Here’s a letter to the Wall Street Journal co-written with my dear friend Ken Elzinga:
We applaud Larry Summers’s fine remembrance of Kenneth Arrow (“Farewell to Kenneth Arrow, a Gentle Genius of Economics,” Feb. 25). Yet we’re surprised by this sentence: “Arrow’s impossibility theorem regarding voting and combining preferences is the only theorem that I know of that is named for an economist.”
There are other theorems named for economists, the most well-known being the Coase theorem. Named for the late Nobel laureate Ronald Coase, the Coase theorem explains that, under certain conditions, the kinds and amounts of economic activities that occur are unaffected by the initial assignment of property rights.

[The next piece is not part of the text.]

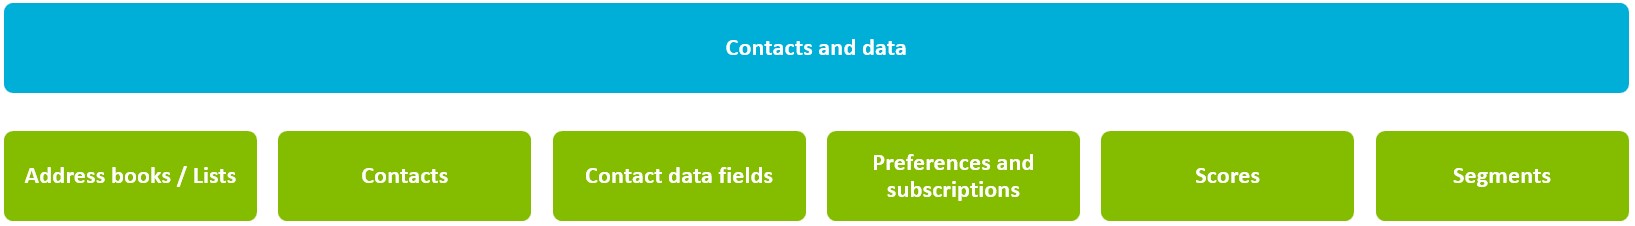 "Contacts and data" functionality
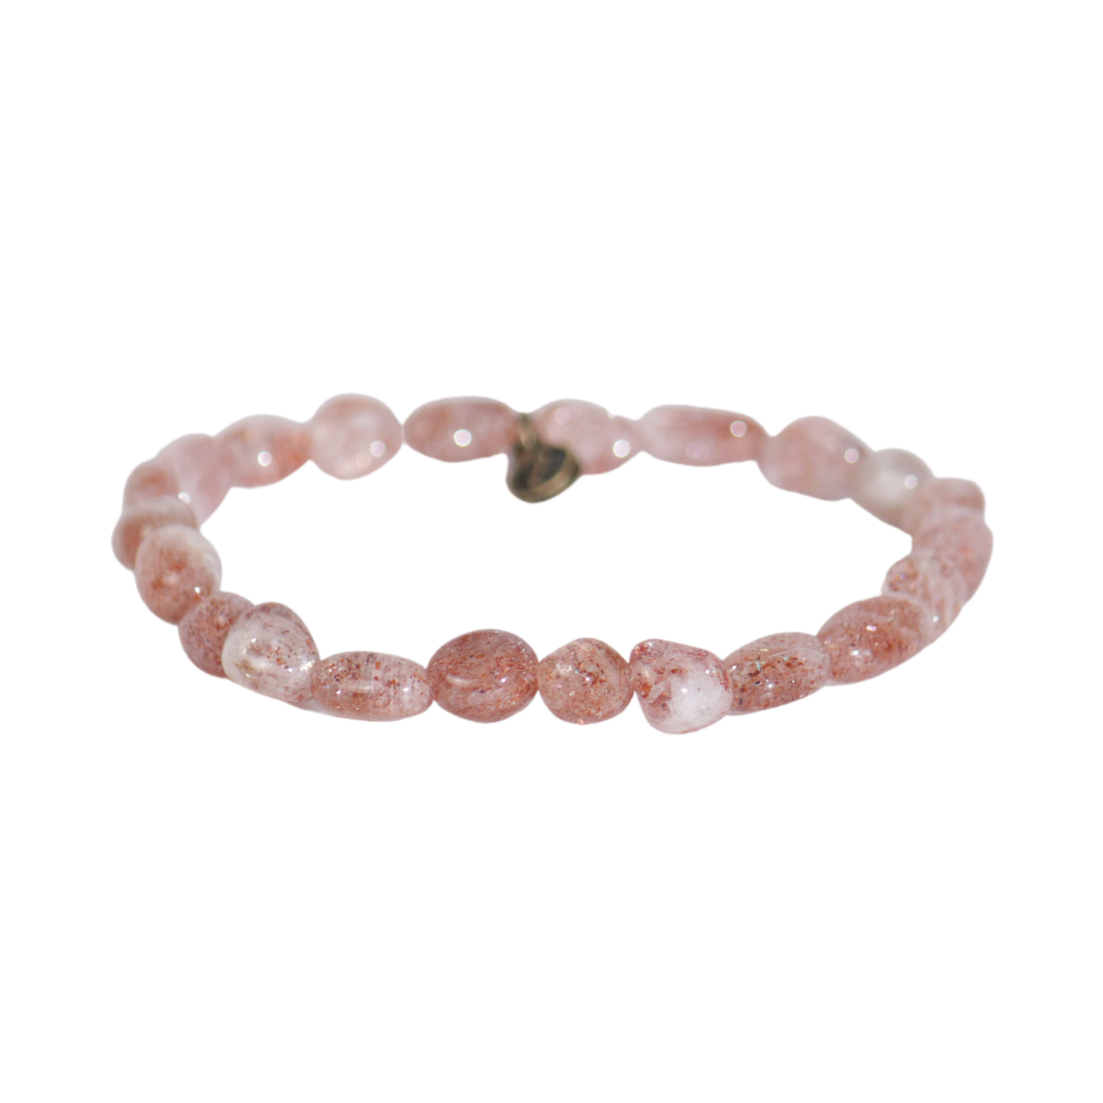 product view of genuine Sunstone crystal bracelet by Energy Muse with irregular pebble beads and elastic stretch body.

Indeed, Coase’s theorem is more famous than Arrow’s impossibility theorem. Google Scholar reports that Prof. Arrow’s 1951 monograph (Social Choice and Individual Values) – the chief source of Arrow’s theorem – has 14,601 citations. That’s less than half of the 29,634 citations to the chief source of the Coase theorem: Prof. Coase’s 1960 article “The Problem of Social Cost.” Furthermore, Google searches of “Coase theorem” and “Arrow [and Arrow’s] impossibility theorem” turn up 183,000 links to the former and 95,800 links to the latter.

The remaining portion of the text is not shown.